[Date Prev][Date Next][Thread Prev][Thread Next][Date Index][Thread Index]
Re: bidi-string-strip-control-characters
From: |
Eli Zaretskii |
Subject: |
Re: bidi-string-strip-control-characters |
Date: |
Thu, 20 Jan 2022 12:14:33 +0200 |
> From: Lars Ingebrigtsen <larsi@gnus.org>
> Cc: emacs-devel@gnu.org
> Date: Thu, 20 Jan 2022 10:29:26 +0100
>
> Eli Zaretskii <eliz@gnu.org> writes:
>
> > Lars, I'm not sure I understand the purpose of this function. Can you
> > explain?
>
> Like the NEWS item says, it's for cases where you want to ensure that
> there's no bidiness going on.
But when is that useful, the current specific use case aside?
> > (textsec-email-address-header-suspicious-p
> > "Lars Ingebrigtsen <larsi@\N{RIGHT-TO-LEFT OVERRIDE}gnus.org>")

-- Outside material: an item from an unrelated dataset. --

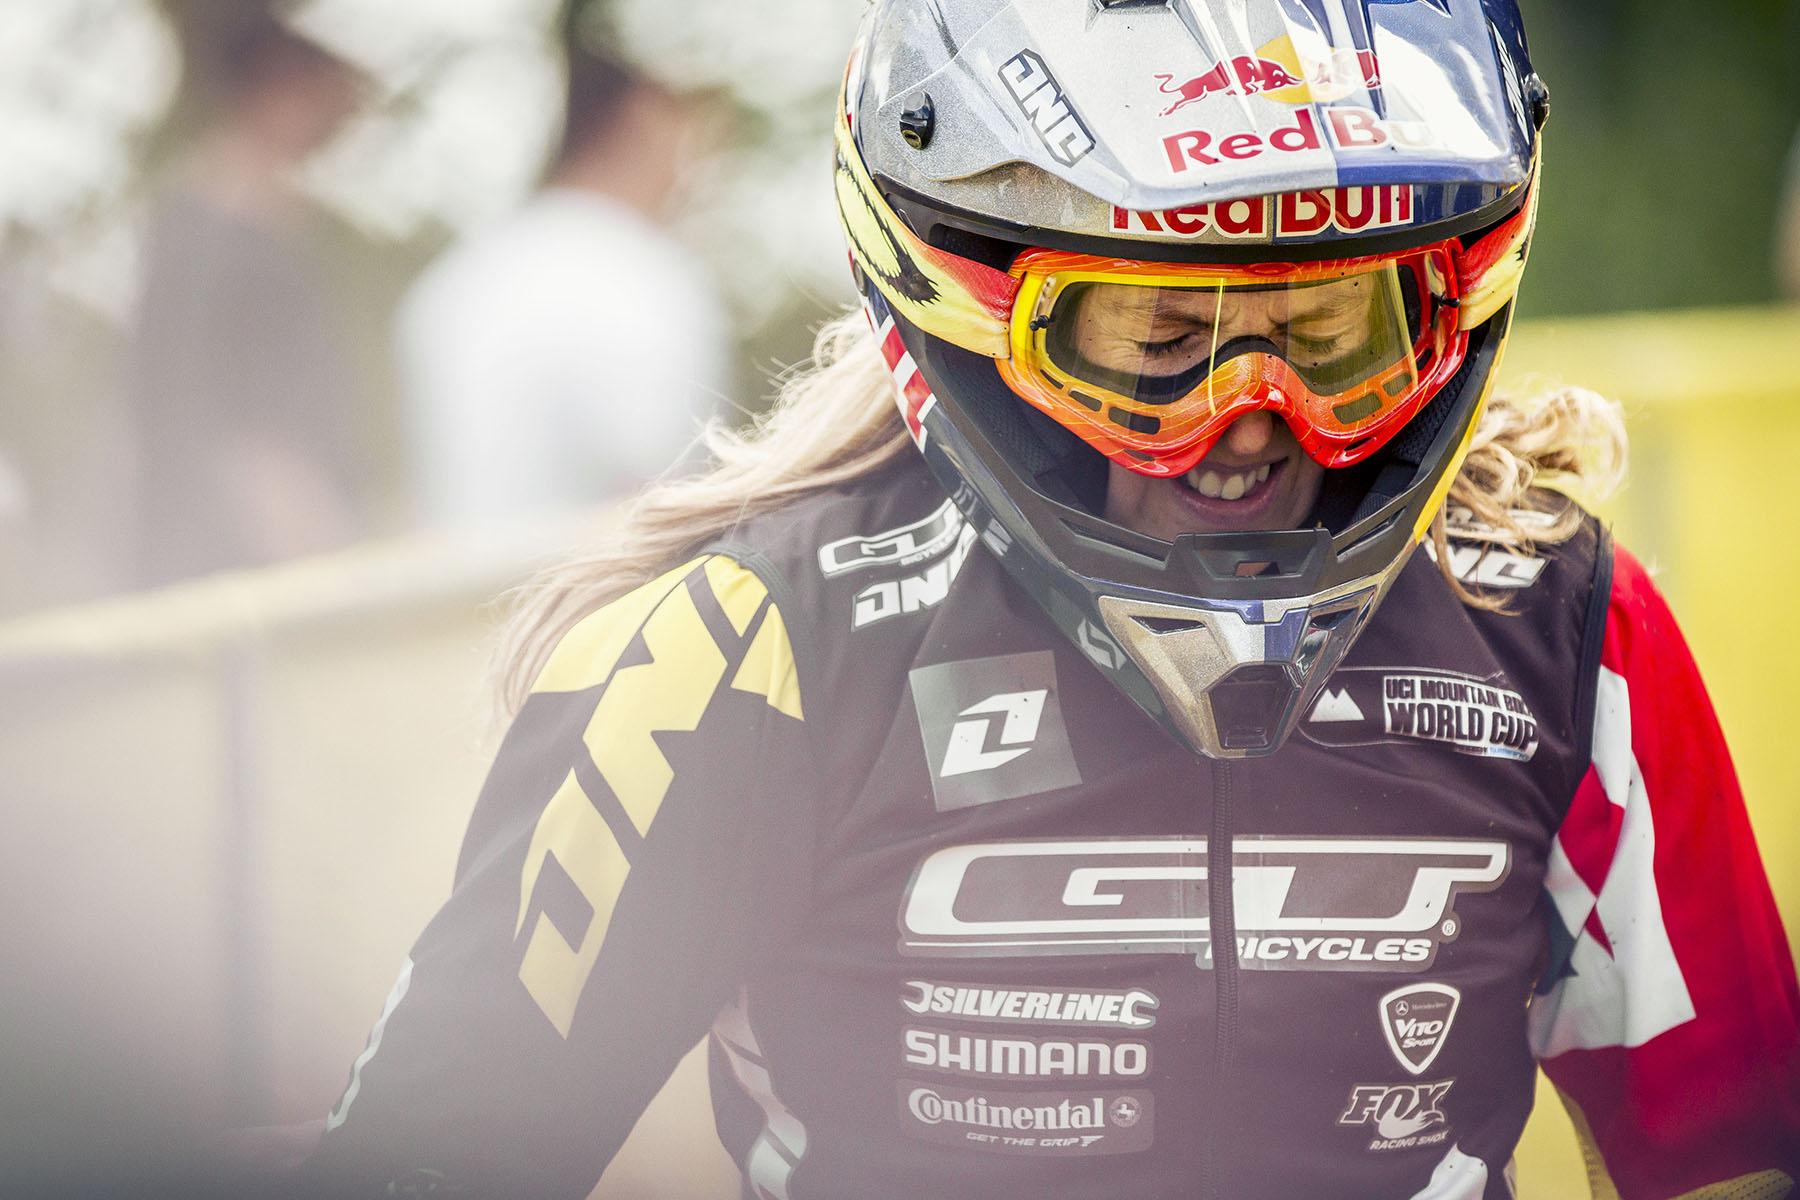 Für Rachel Atherton lief es in Sainte Anne nicht so gut: Zwei Stürze innerhalb des Rennens verbannten die Favoritin auf Platz 12.

> > "Disallowed character: `' (#x202e, RIGHT-TO-LEFT OVERRIDE)"
> >
> > The empty string between quotes is the riddle.
>
> Well... perhaps not optimal, but not really a riddle. But the function
> will probably be used elsewhere in textsec, too, but I haven't gotten
> round to auditing all the strings yet.
That's why I think we should discuss the issue now. I don't think
removing the bidi controls is TRT, as it will make some text hard to
read and interpret. We can do better.
> > (insert (format "Disallowed character: `%s' (#x202e, RIGHT-TO-LEFT
> > OVERRIDE)"
> > (concat (string ?\x202e)
> > (propertize (string ?\x202c ?\x200e) 'invisible t))))
> >
> > This displays the RLO character, but doesn't mess up the description
> > after it.
>
> The display is identical to the one we have now, though:
>
> "Disallowed character: `' (#x202e, RIGHT-TO-LEFT OVERRIDE)"
No, it isn't identical, because in the latter case the U+202E glyph is
retained on display. (It disappeared from your email for some reason,
but if I eval the form, I see it between the quotes.)

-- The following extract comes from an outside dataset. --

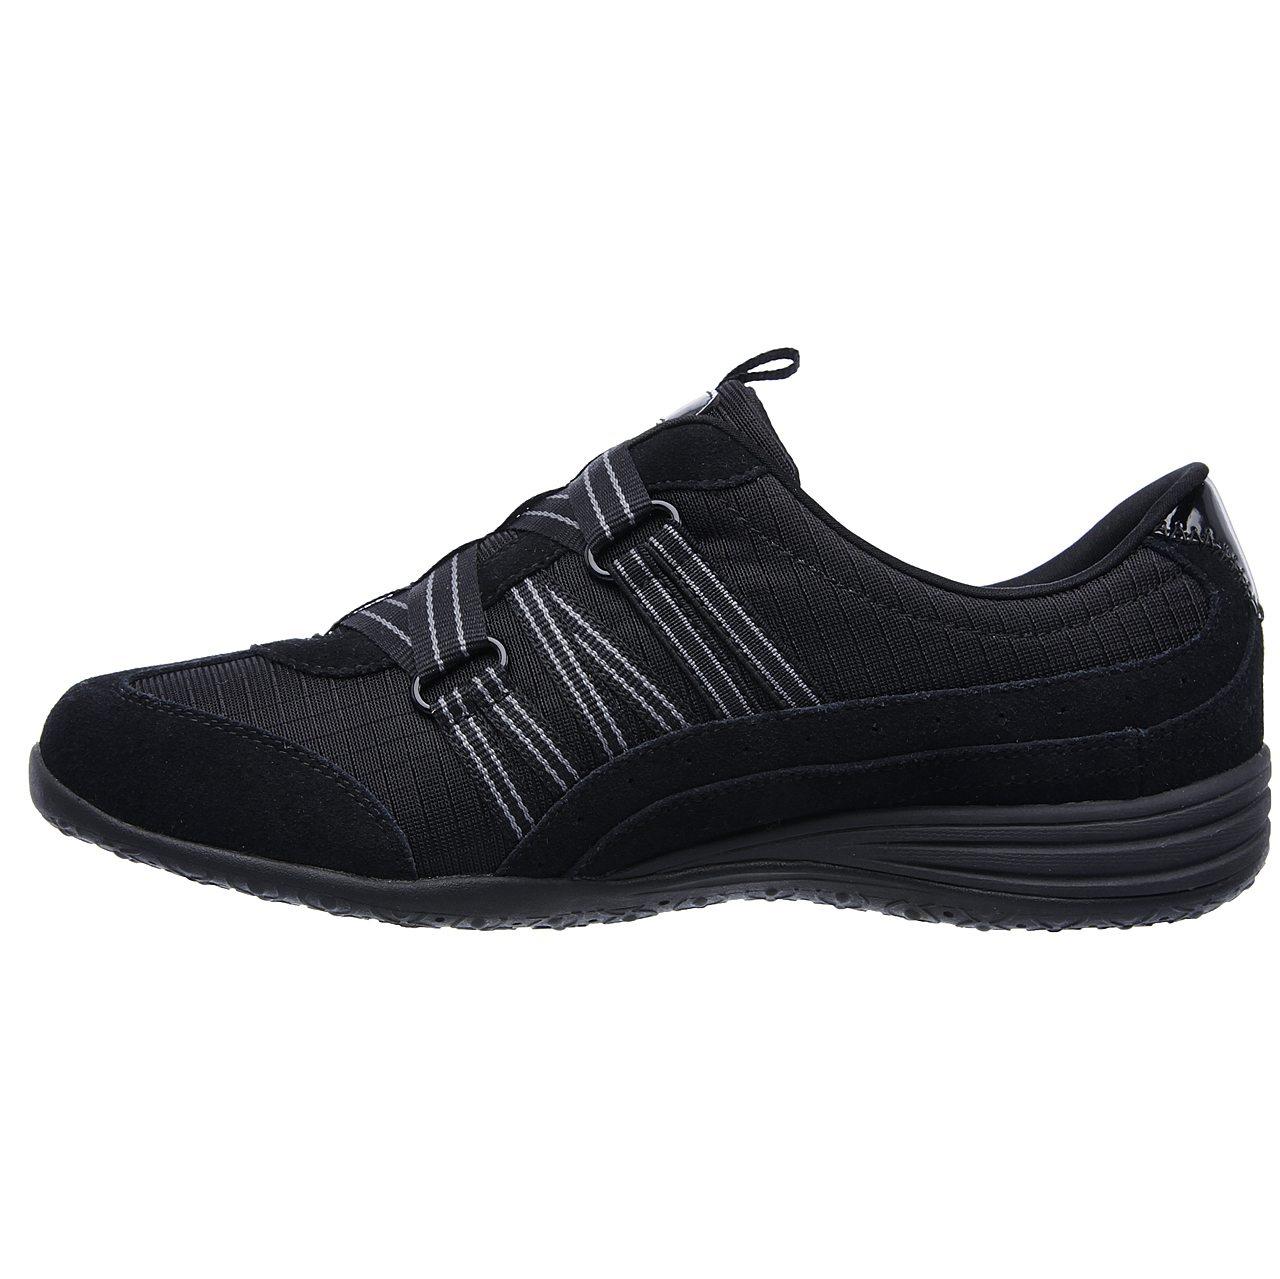 کفش مخصوص پیاده روی زنانه اسکچرز مدل MIRACLE 23074 BKCC

> But removing the bidi chars is "obviously correct" (and impervious to
> future attacks) for somebody that's not that familiar with the bidi
> machinery, so I prefer to remove the chars instead here.
You make this stuff hard to read for a reason that doesn't sound right
to me: we do have better solutions that still avoid messing up the
display. We use those other solutions elsewhere in Emacs, so why not
here?
> Isn't that bidi-string-mark-left-to-right?

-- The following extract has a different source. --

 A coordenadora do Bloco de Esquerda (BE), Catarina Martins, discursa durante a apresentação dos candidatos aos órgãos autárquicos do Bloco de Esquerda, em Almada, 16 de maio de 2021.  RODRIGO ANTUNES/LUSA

Yes, but bidi-string-mark-left-to-right will not help with overrides,
it only helps with "normal" RTL characters. We do need a new API,
just not one that removes the bidi controls entirely, that is too
drastic. What we do in descr-text.el provides a full solution, we
just need to factor it out into a separate function.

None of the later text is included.